Every program can invoke other programs. In UNIX-style operating systems, this is usually realized by the executing program forking child processes, which in turn execute other programs. The programs may also open some data files. All the file references in an application can be formulated into a tree data structure, dubbed an access tree. Files (program files and data files) are the nodes, and an edge is drawn from parent A to child B if either (1) program A invokes program B or (2) program A opens data file B. The order of siblings reflects the chronology of file accesses.
Figure 1: Example Access Trees.
These graphs show the access trees generated from the events
described in Section 1.2.
Graph (a) shows the version before
compression. Graph (b) that after both vertical and horizontal compression,
assuming E is a shell program.
Figure 1(a) depicts the access tree for an application A that includes the following activities:
An access tree is subject to two kinds of compression. Vertical compression draws edges through UNIX shells, effectively cutting them out of the access tree. This is necessary because of the role shells play as command interpreters. Shells are invoked in a variety of circumstances and can generate a large number of file usage patterns. Since we perform file prefetching for each program file in the access tree and it is infeasible to prefetch accurately for shells, we choose to ignore them. Horizontal compression removes consecutive accesses of the same data file. The detail of consecutive accesses offers no help in prefetching and can be safely omitted. However, non-consecutive accesses of the same data file are preserved for use in a later phase. Assuming program E is a shell in the previous example, Figure 1(b) shows the access tree after compressions.
An access tree describes the context in which file references are incurred in an application. We feel that this context information, if made available to the prefetching mechanism, would decrease the apparent randomness of file system events and permit more accurate predictions of future file references.

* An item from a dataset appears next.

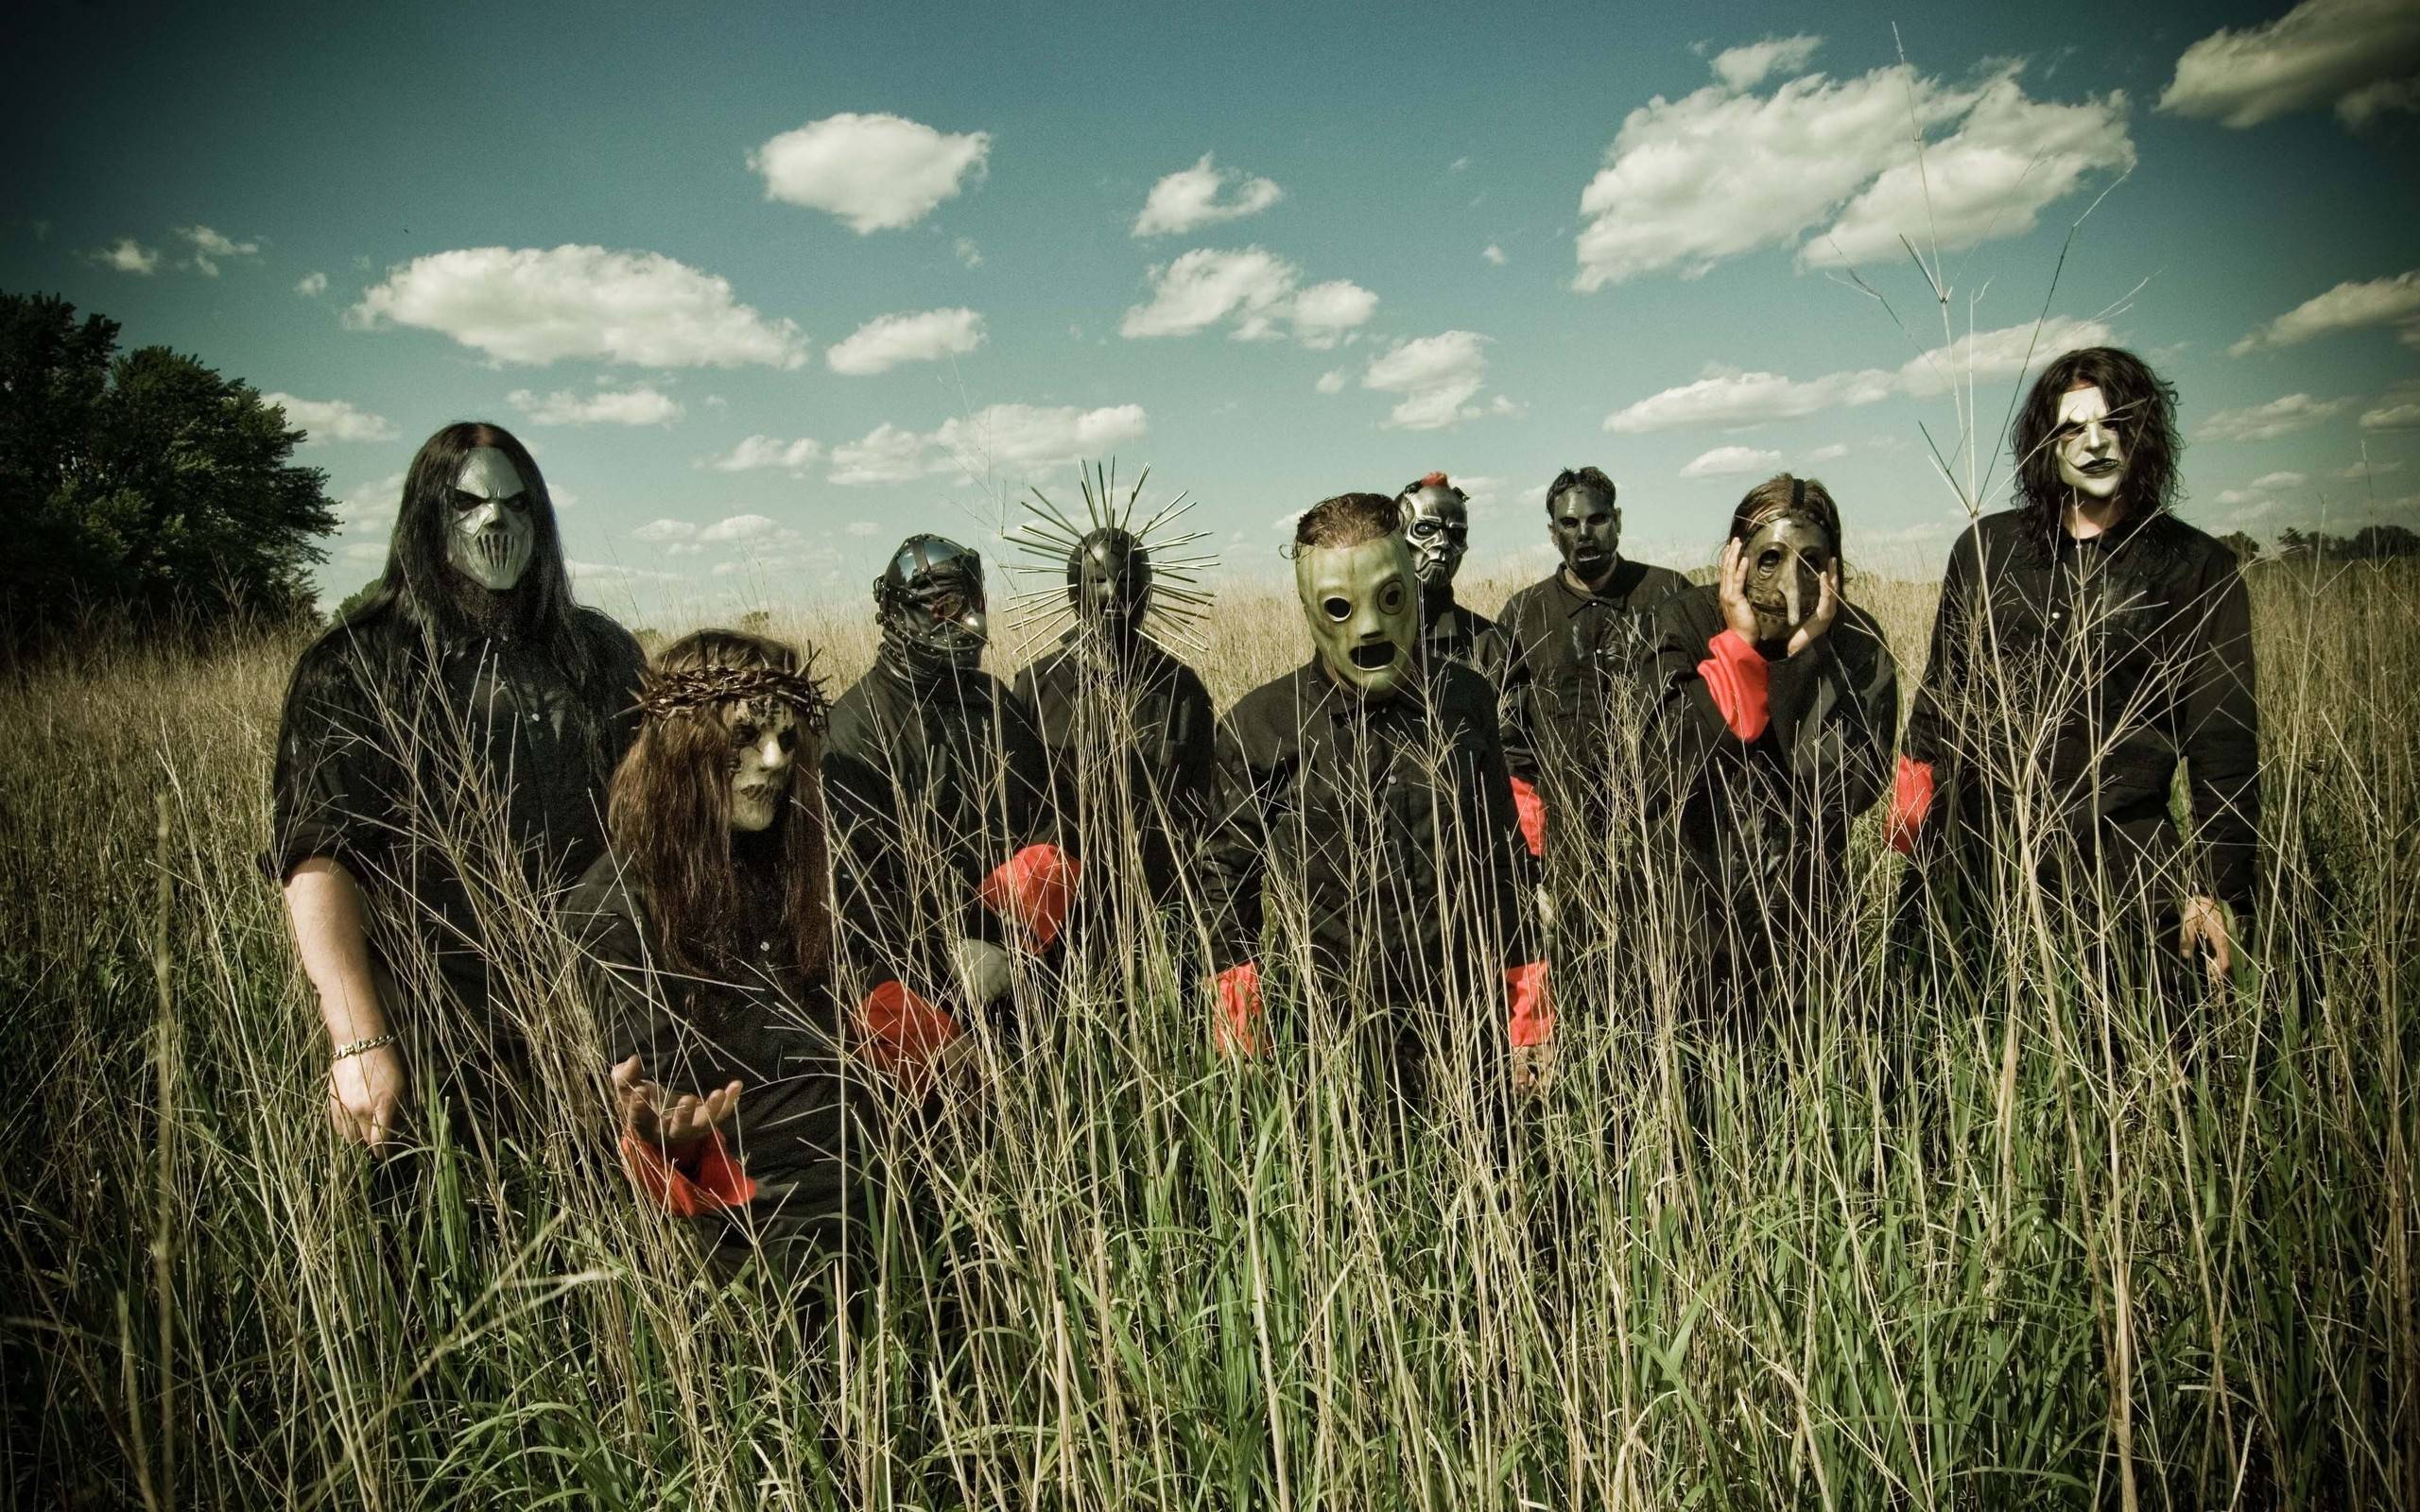 Slipknot Wallpaper And Image Pictures Photos

As an application proceeds, we construct an access tree for it by intercepting fork, execve, open, chdir and exit system calls. Execve and open calls deal with references of program files and data files respectively. Fork provides information on how processes, or program executions, are associated with each other. Information on chdir calls is used to resolve relative pathnames of files. The access tree is completed upon exit of the program execution. An access tree that is being constructed by current activity is called a working tree; a finished access tree that is saved to exemplify a file usage pattern is called a pattern tree.